Hay Festival 2013: NoViolet Bulawayo returns to her homeland

I am a proper jumble of emotions as I make my way from the Ethiopian Airlines plane into the arrivals lounge of Harare International Airport. It is only a brief distance, it being a small building, but the 13 years I’ve been away from home makes it feel like the longest and most difficult walk I can remember. Part of what weighs on me is that the way I had imagined this day, the way I had played it over and over in my head, the way I had fantasised it years and years ago, was different. Like, over there, on the second floor where family and friends wait to greet their loved ones, would be my father, my Pops, chest swelling with enough pride to make him explode, waiting to welcome his daughter. And with him of course the whole mkhamandolo – all his surviving nine children and their children, the extended family, some of the sons and daughters of my grandfather and his four wives, all my people, drunken on pride and joy – weeping like they’d wept that December 31 1999, when I left, but this time tears of happiness, of course, shrieks of laughter all over, handshakes and hugs, songs and stories.

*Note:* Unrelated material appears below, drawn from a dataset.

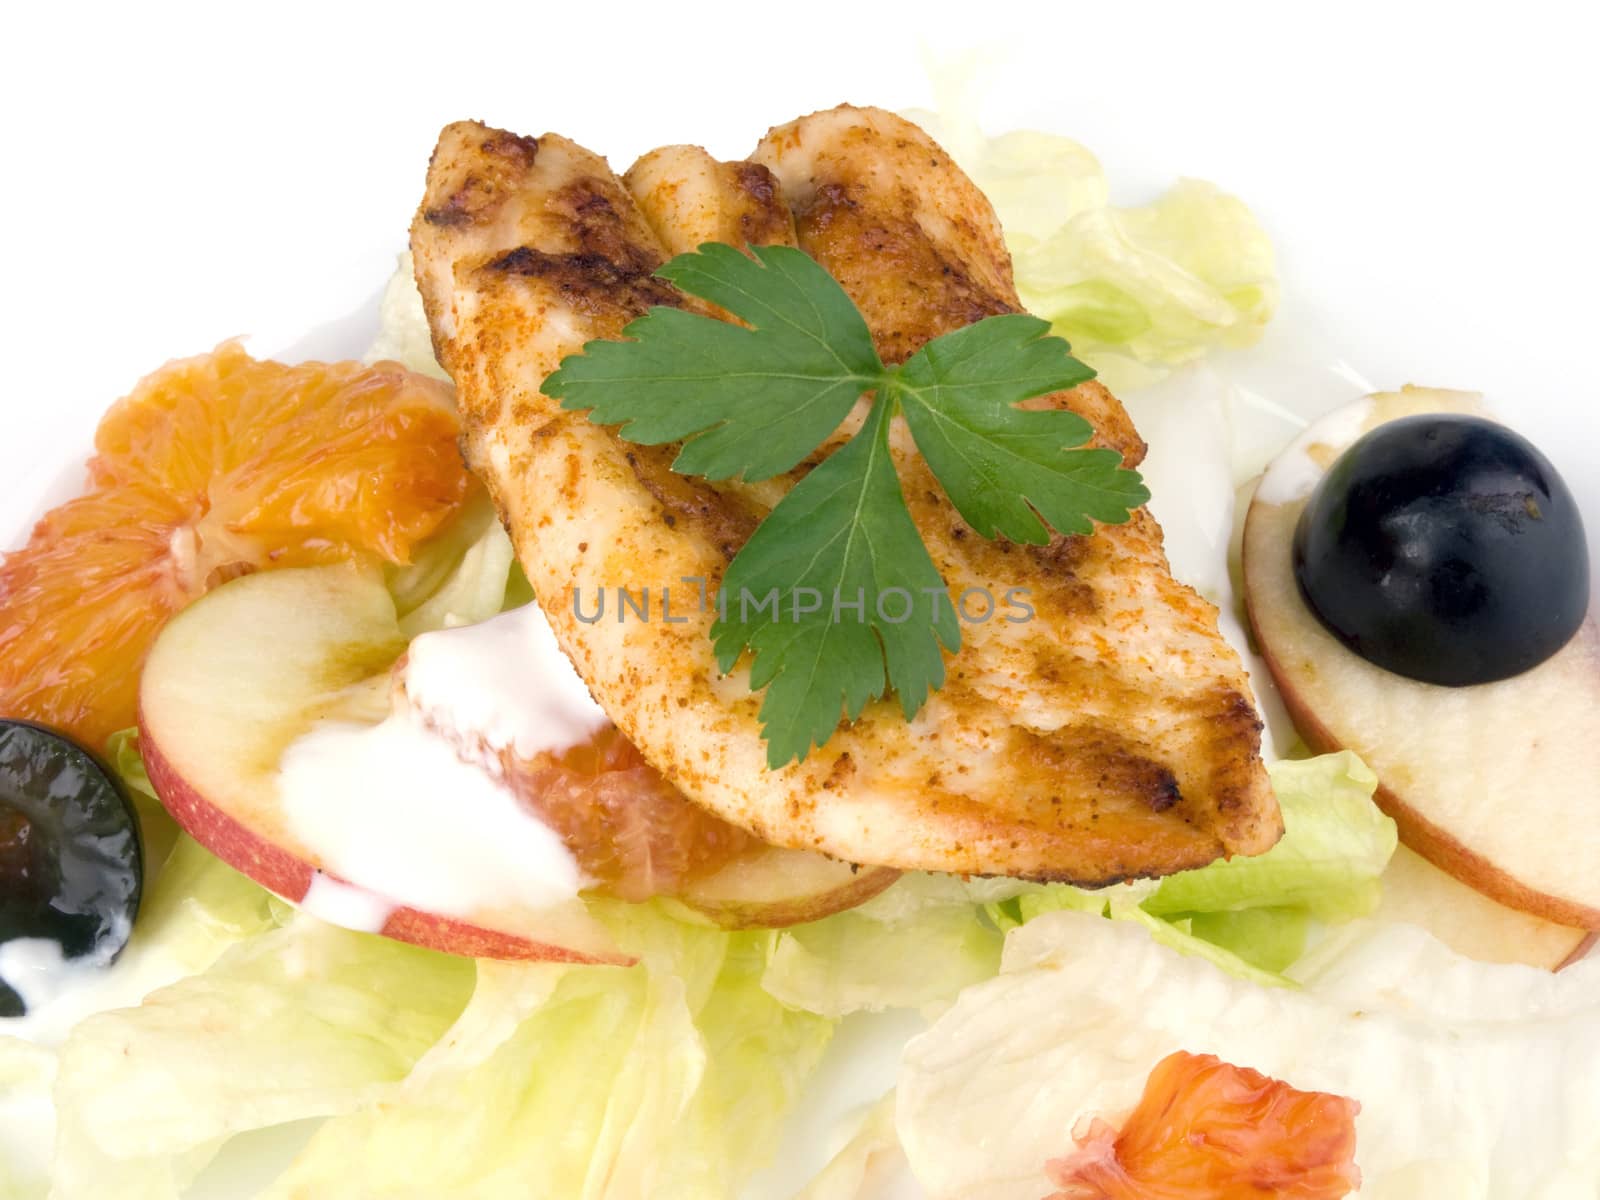 Grilled chicken breast with salad and low fat yogurt dressing on white plate
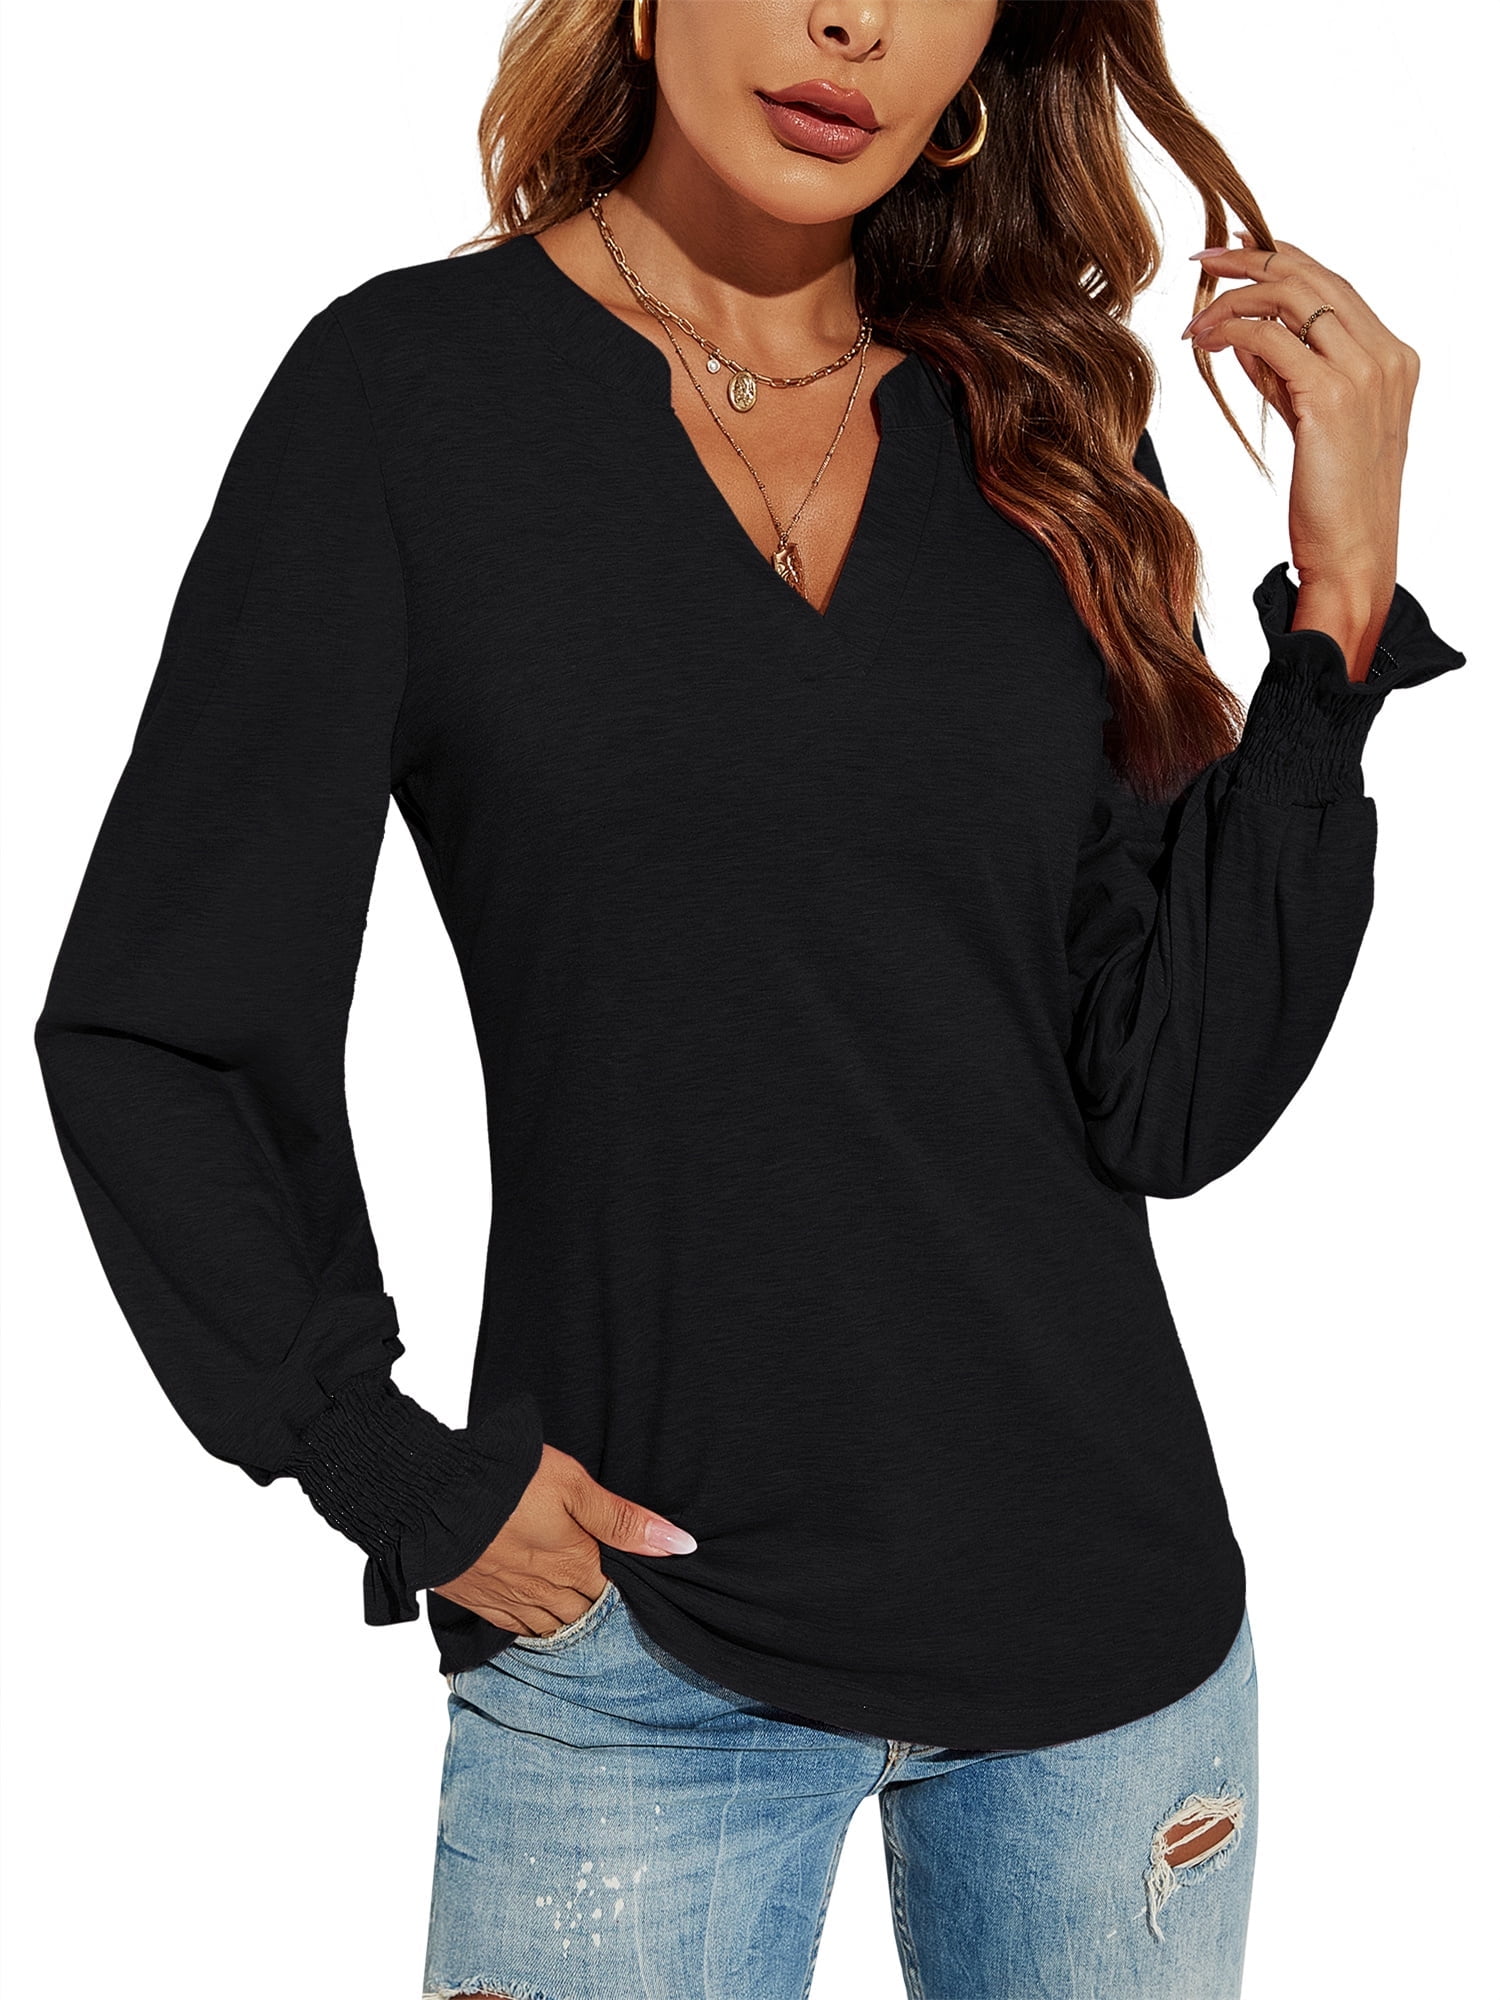 LOMON Women's Casual Puff Long Sleeve Tunic Tops V-Neck Pleated Flare ...

But then the reality is nothing like I had imagined. In reality I walk alone like a true prodigal. I am coming like some disaster: unexpected, unawaited. Not a single soul at the airport could tell you my name if you paid them. Besides Knockout Thabs, my best friend from high school who is picking me up from the airport, nobody knows of my return. My homecoming will be a surprise – the whole surprise thing being something I never knew before I left Zimbabwe and have picked up during my stay in the US, like so many foreign tendencies that now make up my identity. Oh how it ticked me off, the surprise thing, when I first moved to the US: surprise birthday parties, surprise present, surprise trip, surprise this and that. So unnecessary, so pointless, trying to catch me off guard when you could just come right out and tell me upfront so I am prepared.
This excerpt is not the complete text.